Turns out the extra ink on business cards is free.
First a large app under their belt, one in which they held an architecture type role and designed the system.
Second, full stack knowledge, if they are doing web, that means HTML, CSS, JavaScript, a REST API and back end language, and a database technology.
At this point I would consider them a Senior but specialized.
Once they know a few different options for each part of the stack I would consider them to be a senior. For example knowing Dojo and jQuery for the client, Node.js, ROR, and Java for the REST layer and back end, and several relational and or NoSQL datastores.
In addition to that, they should know how to administer the infrastructure that comes along with those stacks. Such as web servers, virtual etc.

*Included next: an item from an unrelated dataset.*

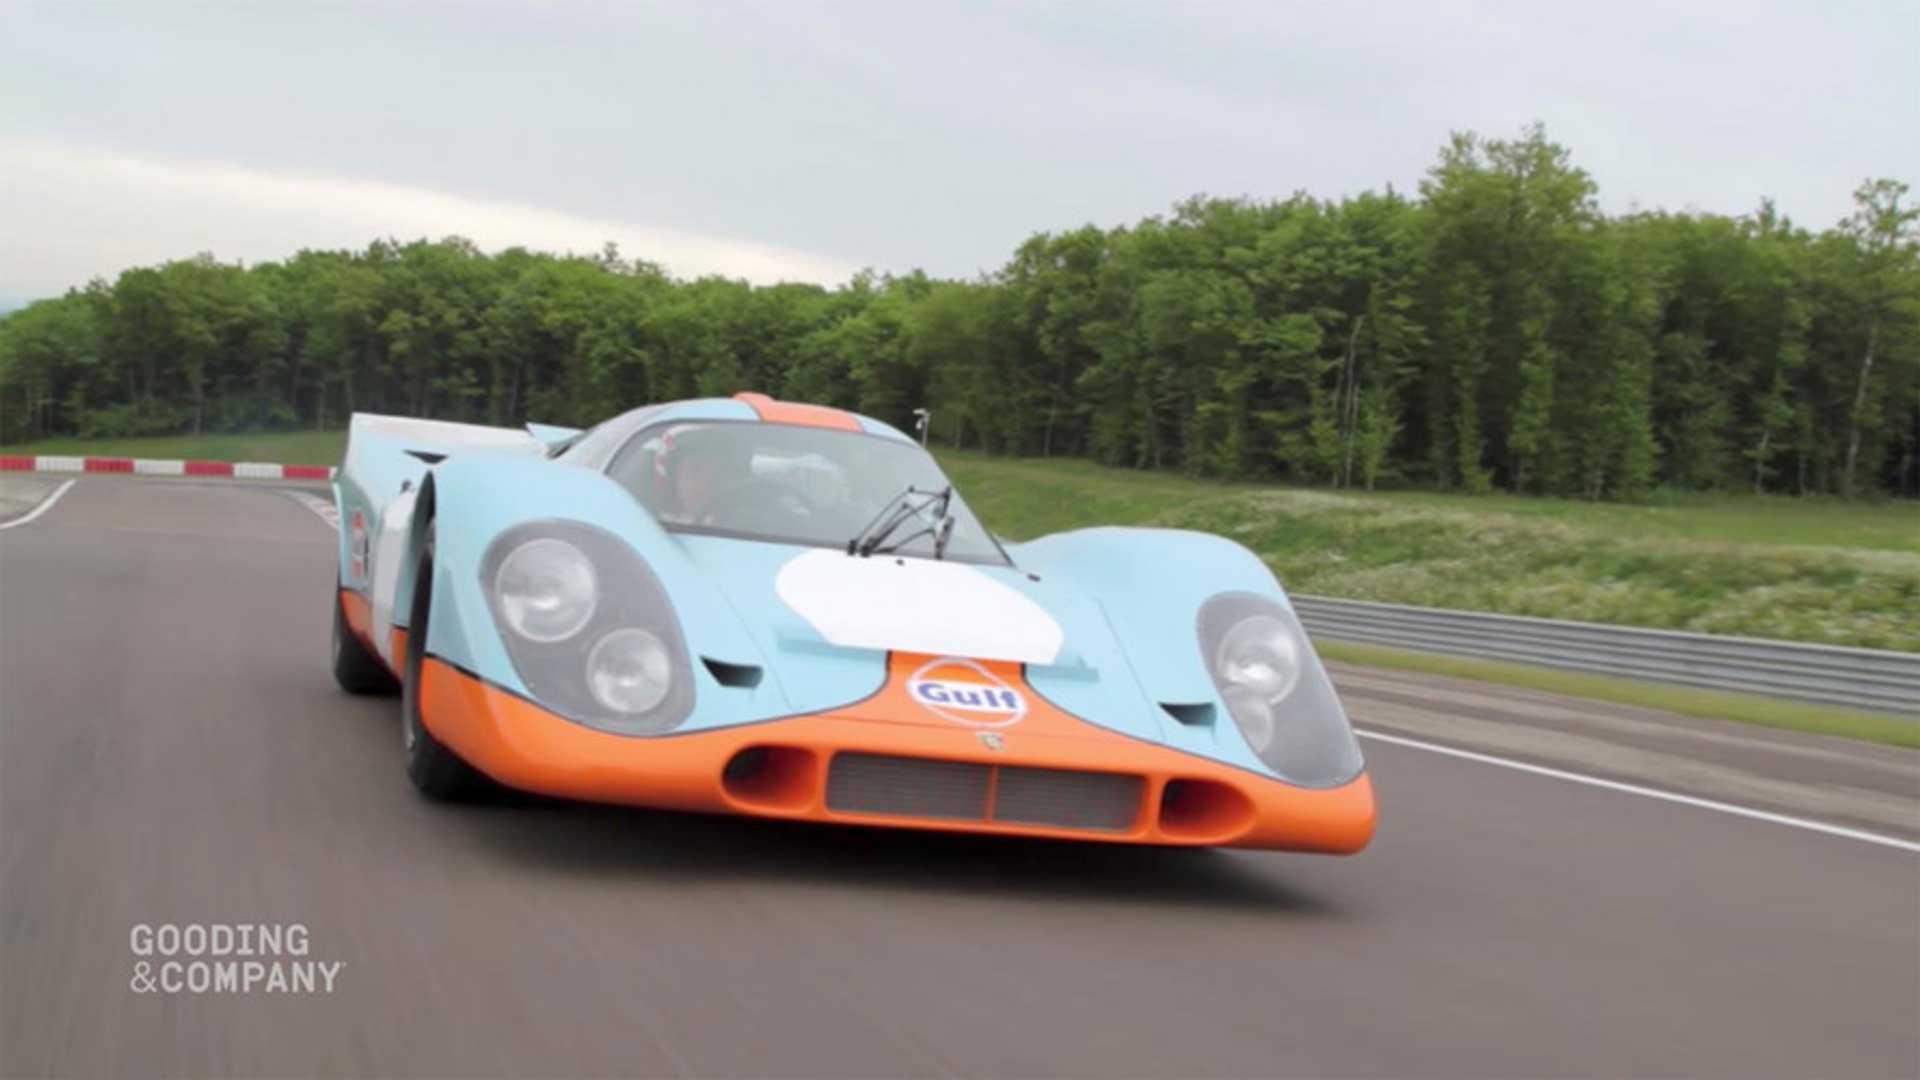 Porsche 917 For Sale >> Porsche 917k With Le Mans Film Credit Sells For 14m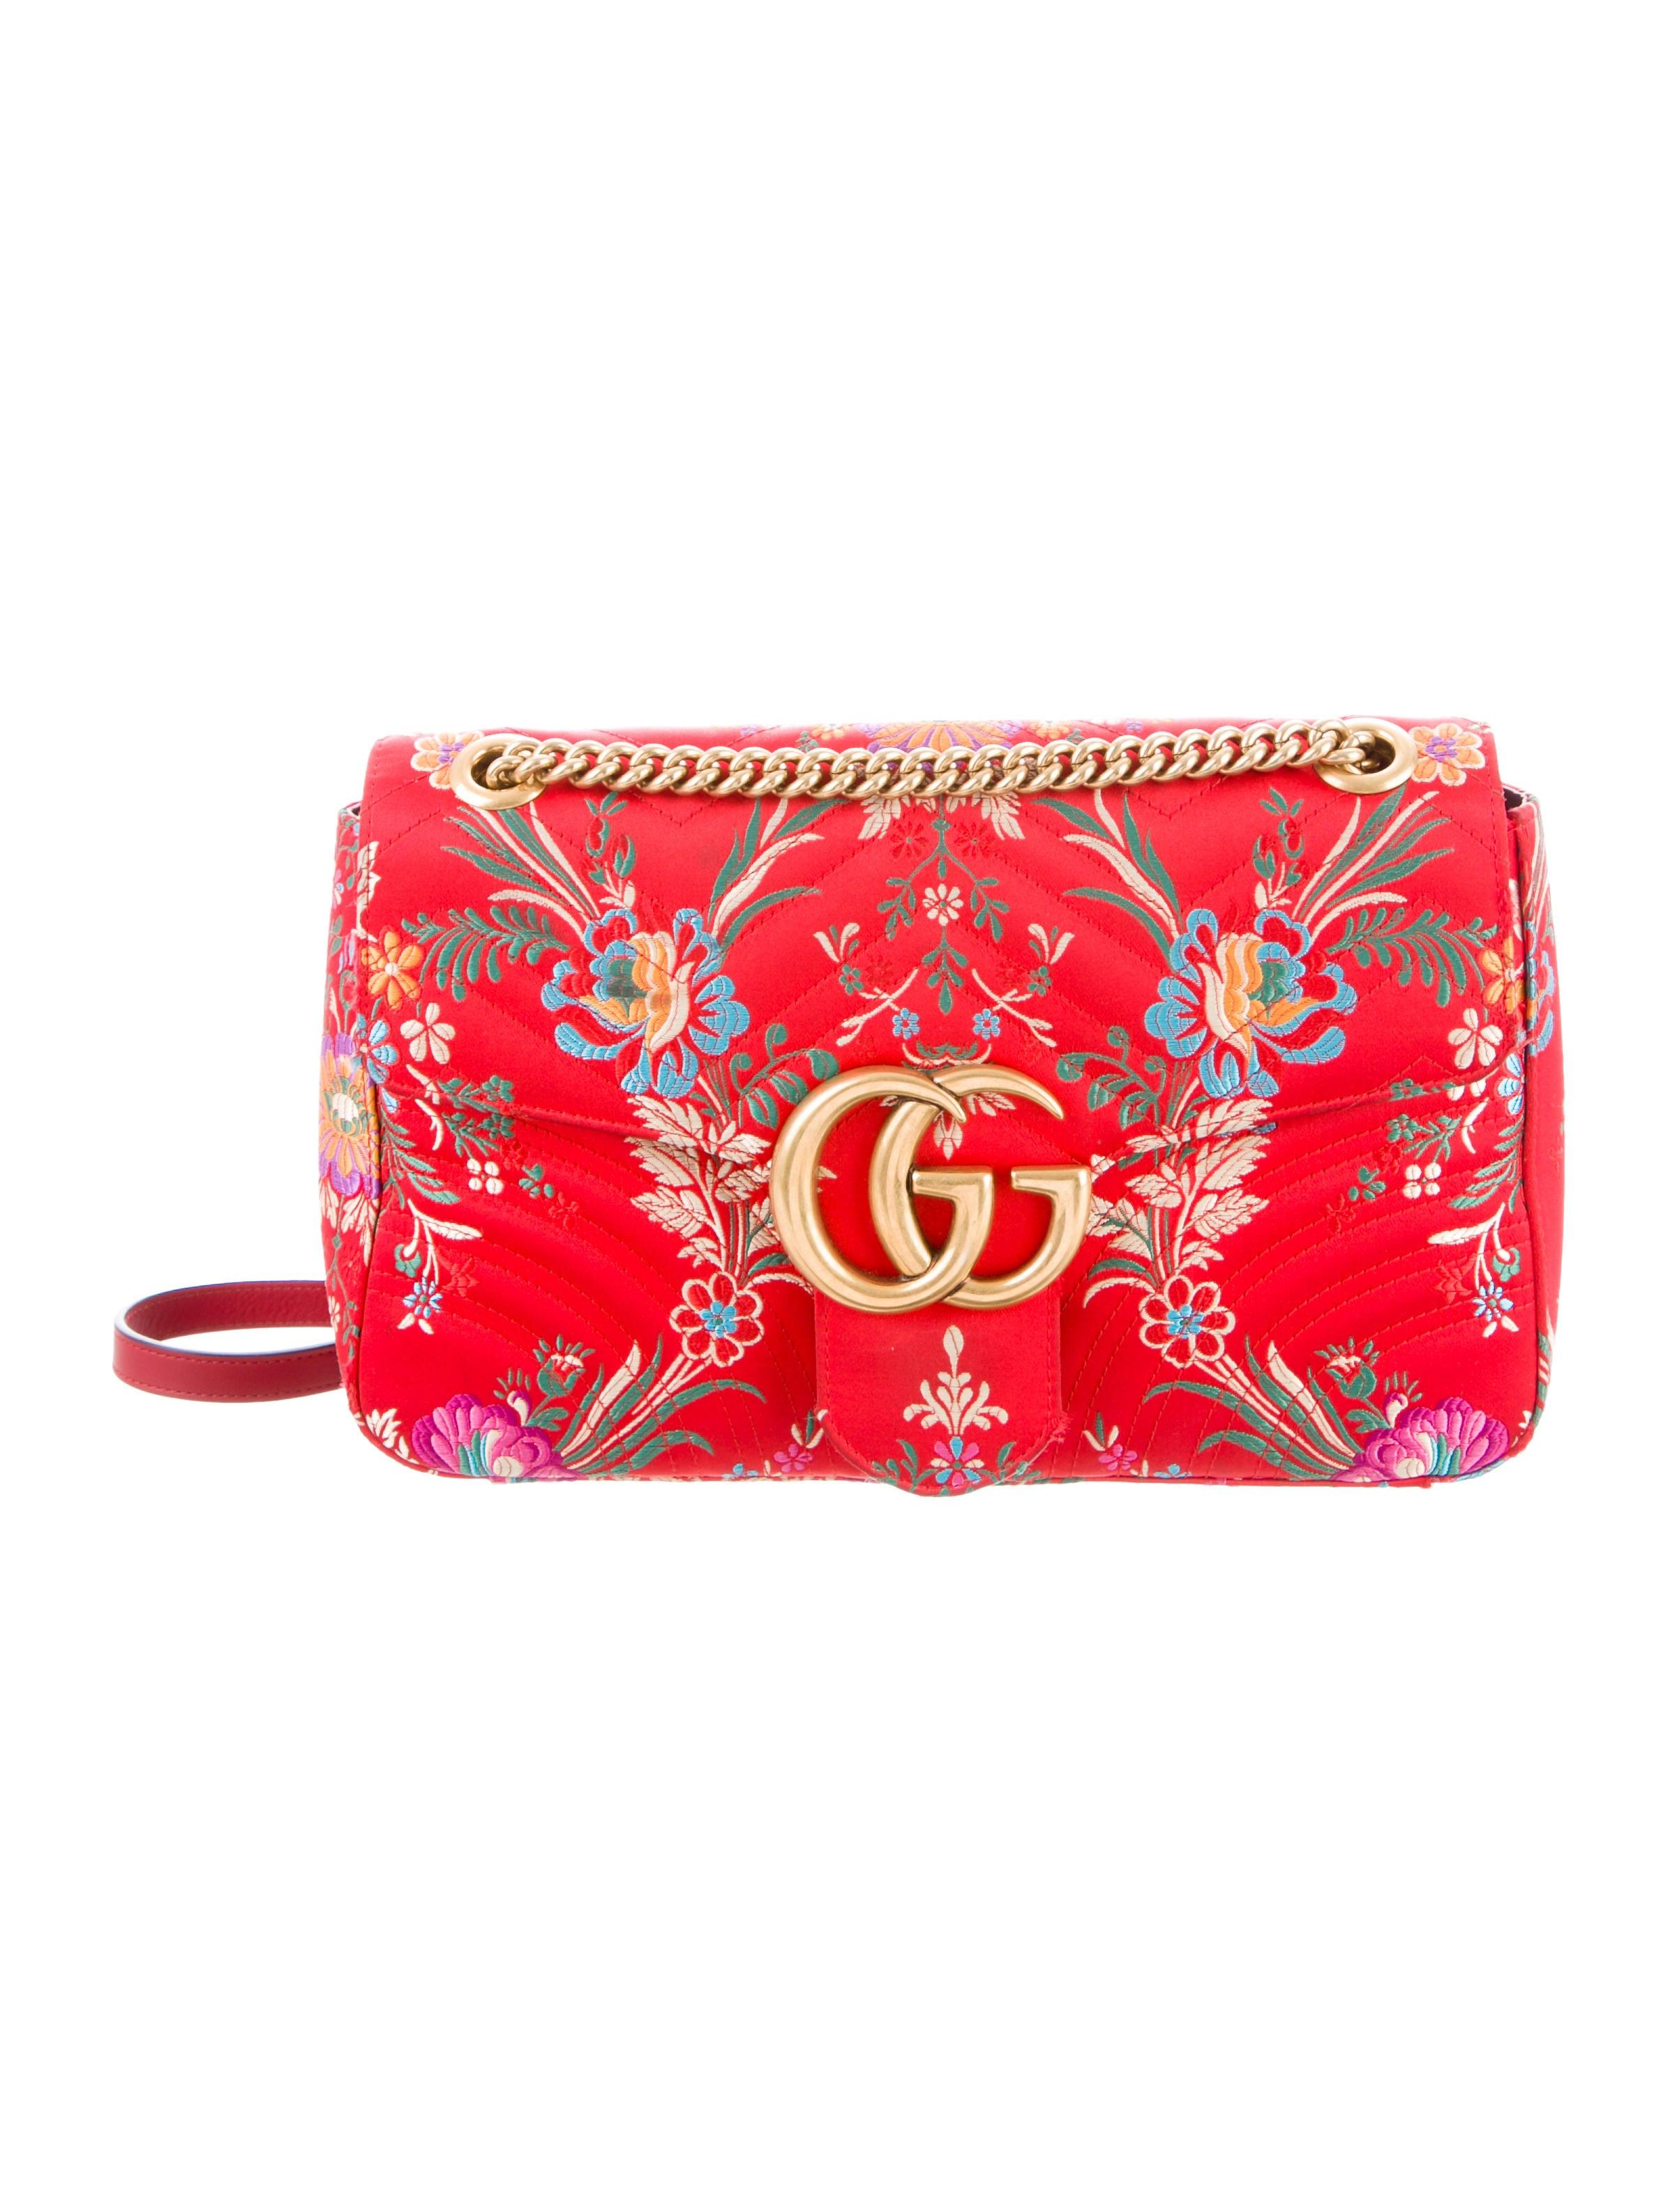 c5aa78f964105e Gucci GG Marmont Medium Jacquard Shoulder Bag - Handbags - GUC264075 ...

Finally, they would have a SCM pattern down that works for them, they would have a issue tracking, source control and documentation pattern that they can adapt to projects.
To me those are the marks of a Senior Developer, but those are only the ingredients a senior has to be able to parlay that knowledge into leadership and creativity.
Personally, I'd done all those within 5 years (with one system I'd built and administered almost from scratch doing north of $500 million in revenue per year). But... I'm not sure I'd have called myself a senior developer at that time. I think others did for job/work purposes, but I didn't self-identify with that term.
I didn't feel comfortable calling myself a sr dev until I'd been able to repeat the earlier successes multiple times over a few more years.
But... maybe that's just me.
Meanwhile right brained individuals posses a high creative capacity due to completely foreign ways of processing information (AKA thinking out side the box, I know I hate it to). Anyways, a lot of the big leaps is human knowledge have come from right brained individuals, specifically ones who have a particular bridge that spans both hemispheres.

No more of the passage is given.